This document defines the formal semantics of XQuery 1.0 and XPath 2.0. The present document is part of a set of documents that together define the XQuery 1.0 and XPath 2.0 languages:

The scope and goals for the [XPath/XQuery] language are discussed in the charter of the W3C [XSL/XML Query] Working Group and in the [XPath/XQuery] requirements [XML Query 1.0 Requirements].

This document defines the semantics of [XPath/XQuery] by giving a precise formal meaning to each of the expressions of the [XPath/XQuery] specification in terms of the [XPath/XQuery] data model. This document assumes that the reader is already familiar with the [XPath/XQuery] language. This document defines the formal semantics for XPath 2.0 only when the XPath 1.0 backward compatibility rules are not in effect.

Two important design aspects of [XPath/XQuery] are that it is functional and that it is typed. These two aspects play an important role in the [XPath/XQuery] Formal Semantics.

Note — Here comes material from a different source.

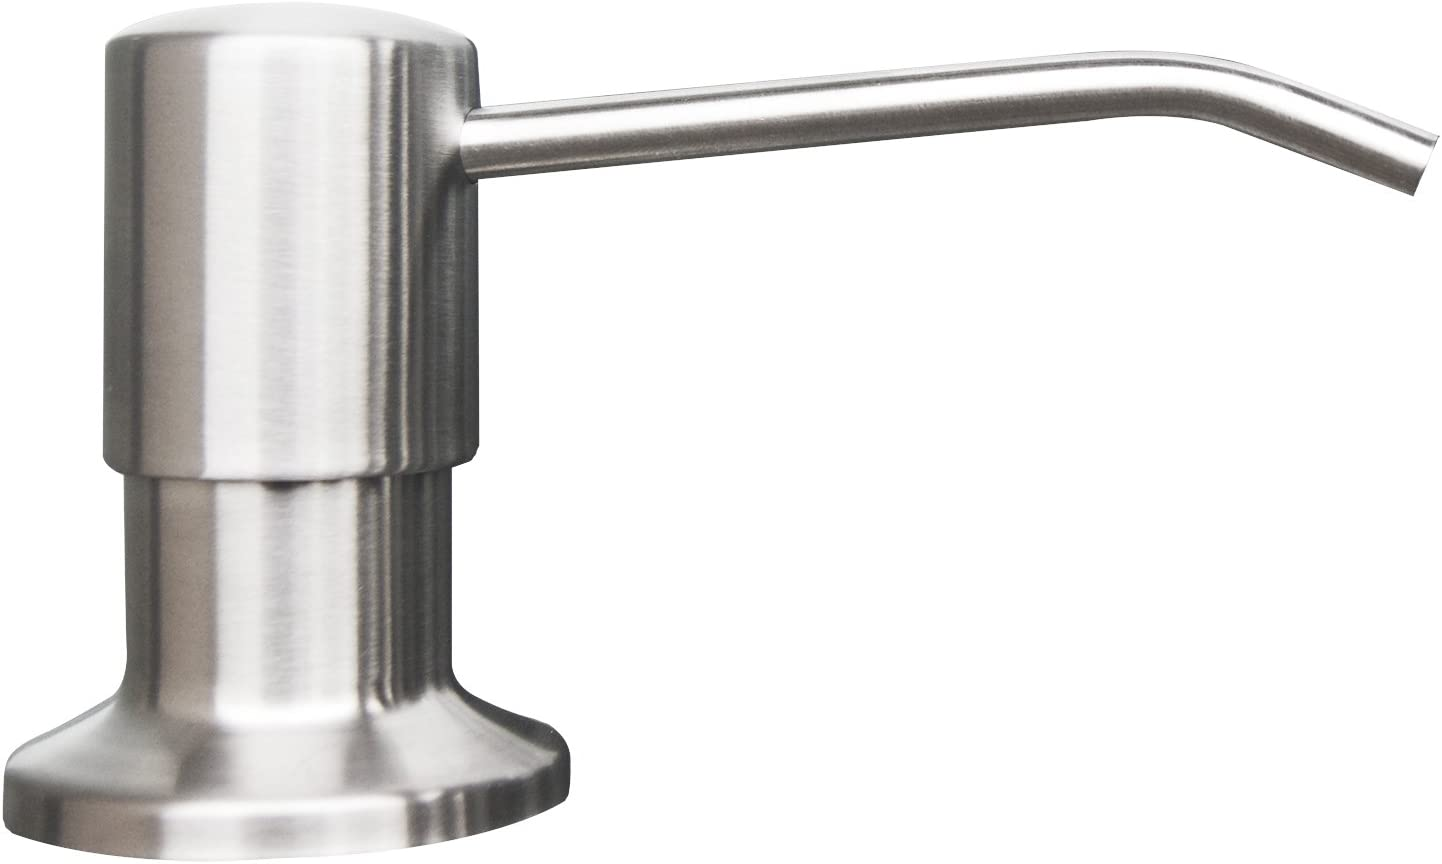 Korlon Stainless Steel Built in Pump Kitchen Sink Dish Soap Dispenser -  Large Capacity 17 OZ Bottle - 3.15 Inch Threaded Tube for Thick Deck ...

[XPath/XQuery] is a functional language. [XPath/XQuery] is built from expressions, rather than statements. Every construct in the language (except for the XQuery query prolog) is an expression and expressions can be composed arbitrarily. The result of one expression can be used as the input to any other expression, as long as the type of the result of the former expression is compatible with the input type of the latter expression with which it is composed. Another characteristic of a functional language is that variables are always passed by value, and a variable's value cannot be modified through side effects.

[XPath/XQuery] is a typed language. Types can be imported from one or more XML Schemas that describe the input documents and the output document, and the [XPath/XQuery] language can then perform operations based on these types. In addition, [XPath/XQuery] supports static type analysis. Static type analysis infers the output type of an expression based on the type of its input expressions. In addition to inferring the type of an expression for the user, static typing allows early detection of type errors, and can be used as the basis for certain classes of optimization. The [XPath/XQuery] type system captures most of the features of [Schema Part 1], including global and local element and attribute declarations, complex and simple type definitions, named and anonymous types, derivation by restriction, extension, list and union, substitution groups, and wildcard types. It does not model uniqueness constraints and facet constraints on simple types.

This document is organized as follows. [2 Preliminaries] introduces the notations used to define the [XPath/XQuery] Formal Semantics. These include the formal notations for values in the [XPath/XQuery] data model and for types in XML Schema. The next three sections: [3 Basics], [4 Expressions], and [5 Modules and Prologs] have the same structure as the corresponding sections in the [XQuery 1.0: An XML Query Language] and [XML Path Language (XPath) 2.0] documents. This allows the reader to quickly find the formal definition of a particular language construct. [3 Basics] defines the semantics for basic [XPath/XQuery] concepts, and [4 Expressions] defines the dynamic and static semantics of each [XPath/XQuery] expression. [5 Modules and Prologs] defines the semantics of the [XPath/XQuery] prolog. [7 Additional Semantics of Functions] defines the static semantics of several functions in [Functions and Operators] and gives the dynamic and static semantics of several supporting functions used in this document. The remaining sections, [8 Auxiliary Judgments] and [D Importing Schemas], contain material that supports the formal semantics of [XPath/XQuery]. [8 Auxiliary Judgments] defines formal judgments that relate data model values to types, that relate types to types, and that support the formal definition of validation. These judgments are used in the definition of expressions in [4 Expressions]. Lastly, [D Importing Schemas], specifies how XML Schema documents are imported into the [XPath/XQuery] type system and relates XML Schema types to the [XPath/XQuery] type system.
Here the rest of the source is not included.